[SOURCE INFORMATION]

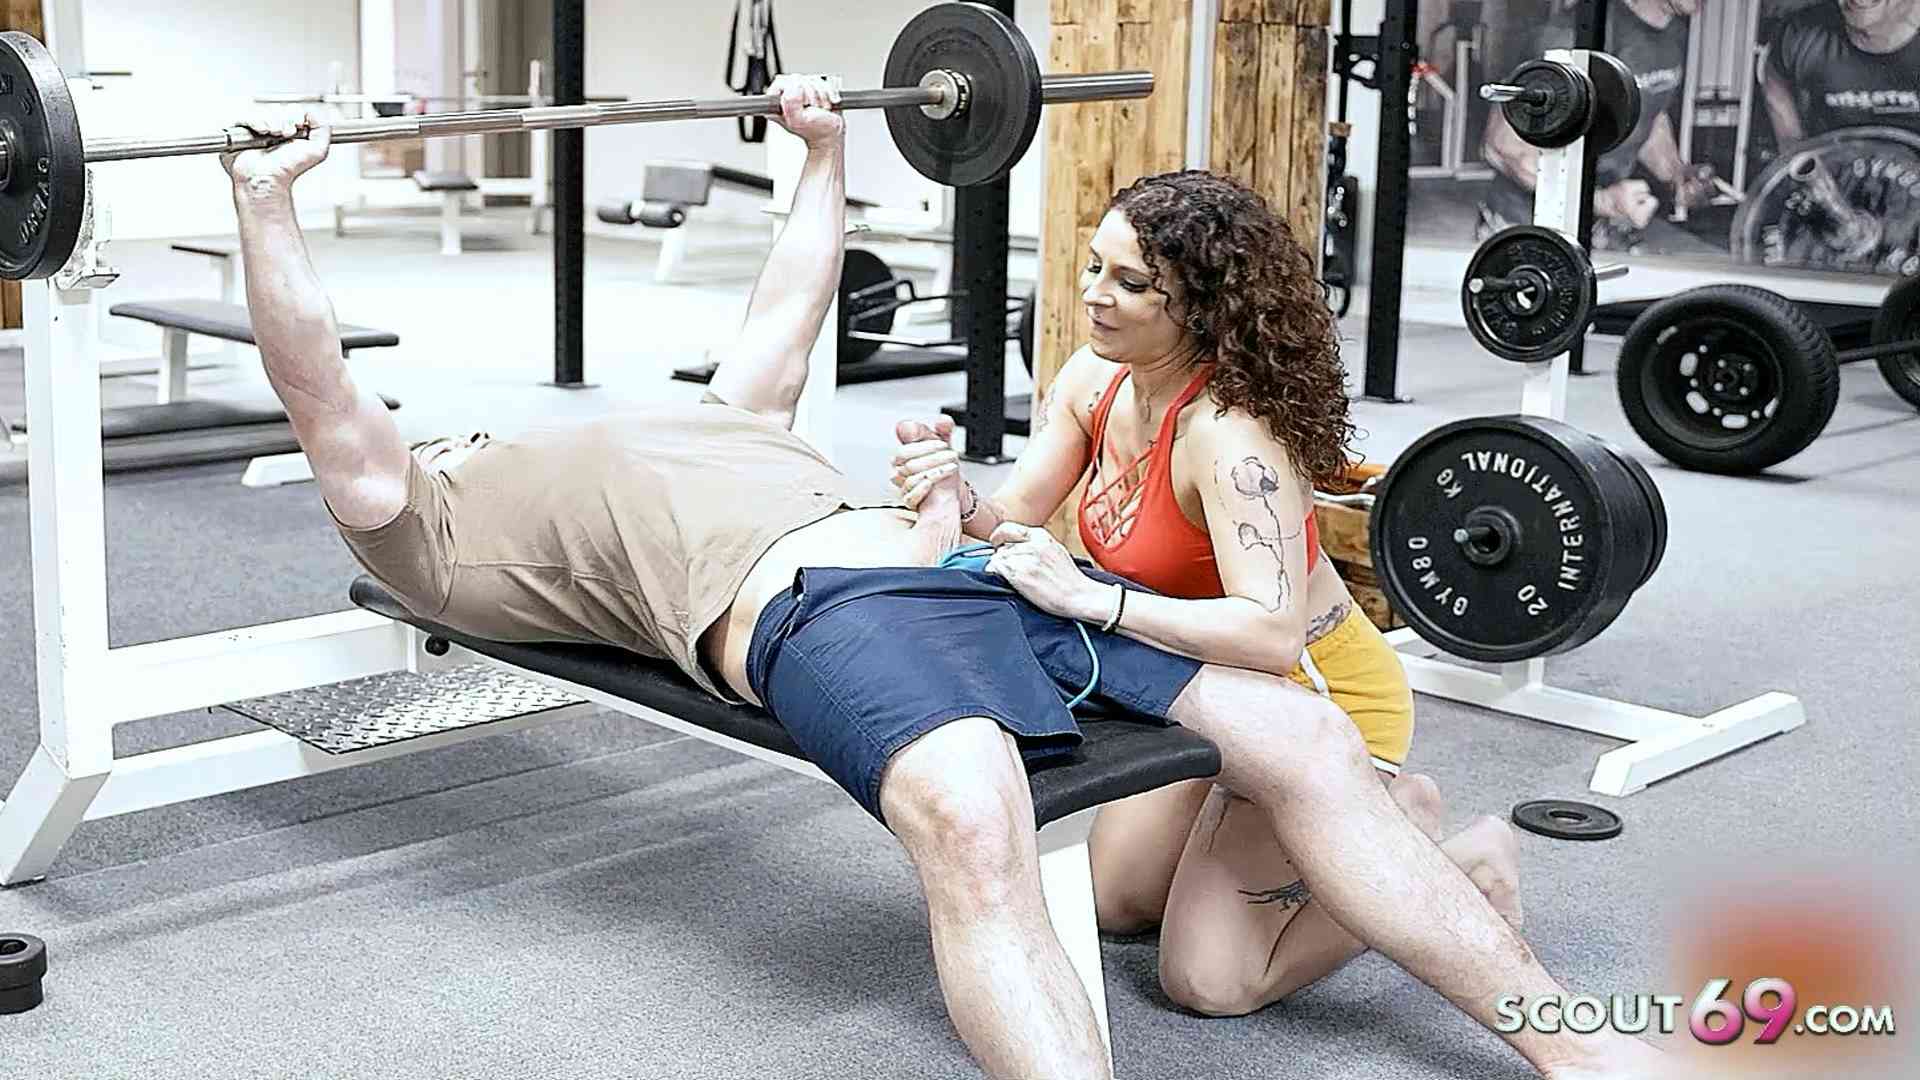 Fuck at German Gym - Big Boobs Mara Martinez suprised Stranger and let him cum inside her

[/SOURCE INFORMATION]
[SOURCE INFORMATION]

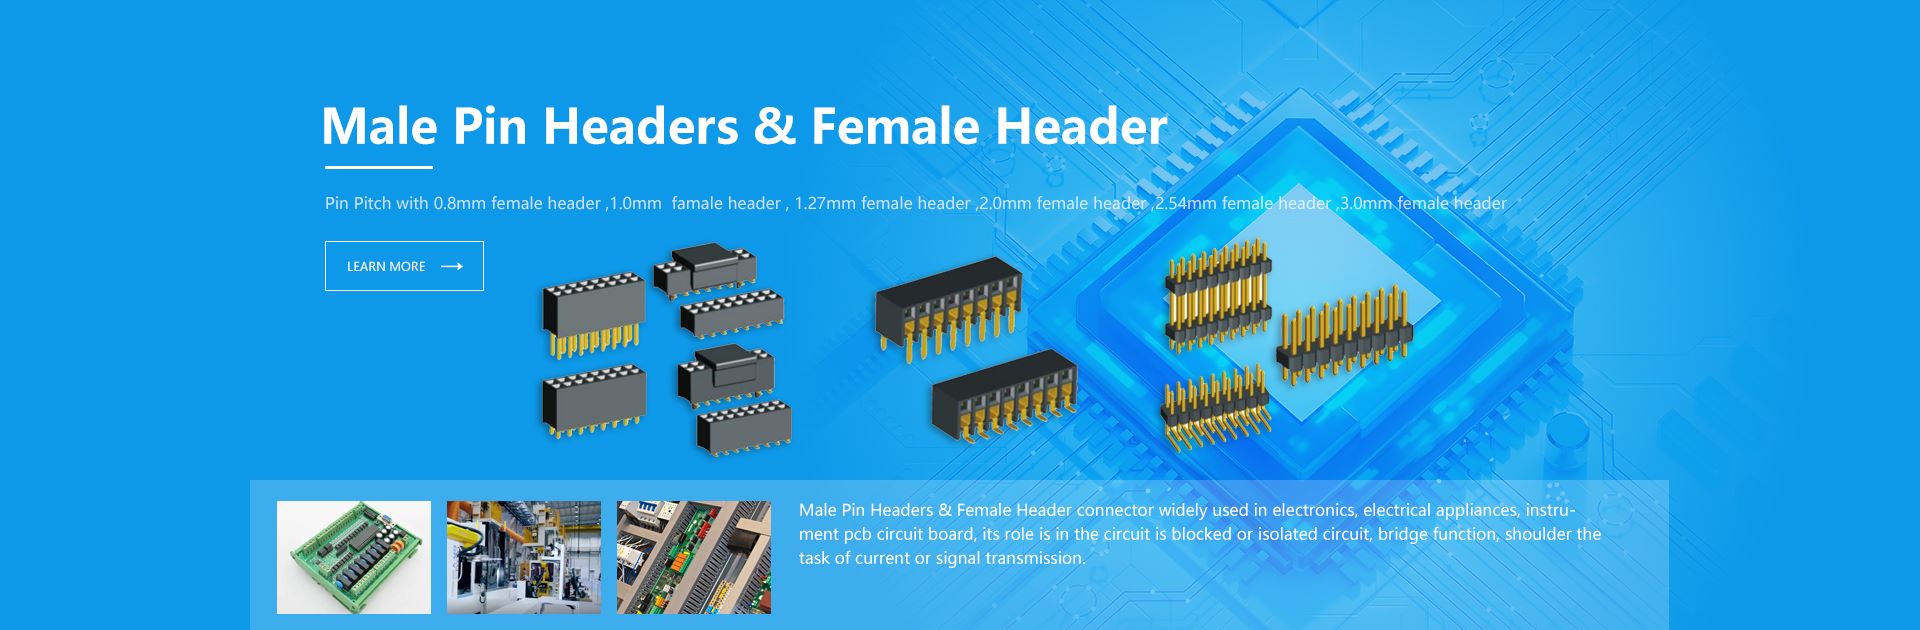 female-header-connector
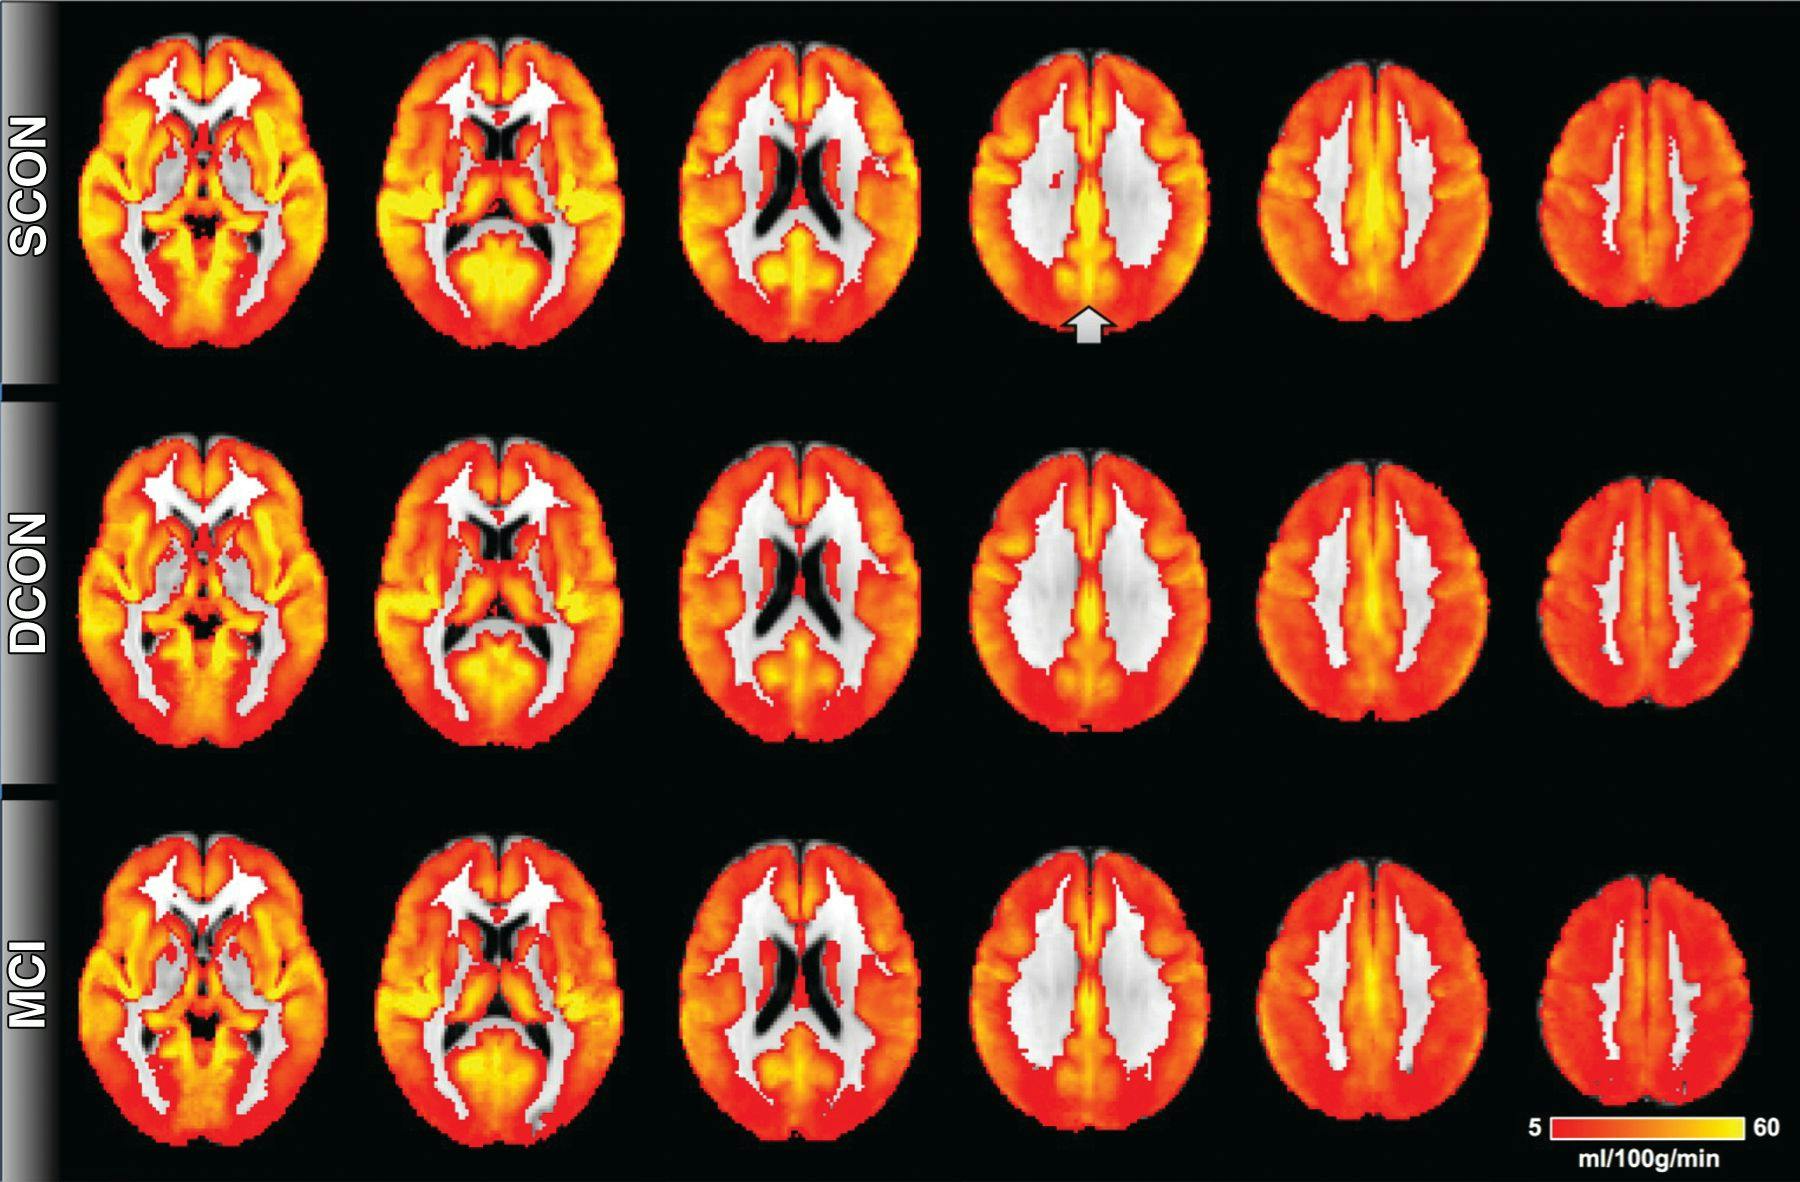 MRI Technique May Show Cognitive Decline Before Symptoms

[/SOURCE INFORMATION]

WORK TO COMPLETE:
Within the listing above, print exactly the stretch beginning at the line that contains "female-header-connector" and finishing at the line that contains "MRI Technique May", ends kept, pictures left out, and nothing more.

REPLY TO THE TASK:
 female-header-connector
 MRI Technique May Show Cognitive Decline Before Symptoms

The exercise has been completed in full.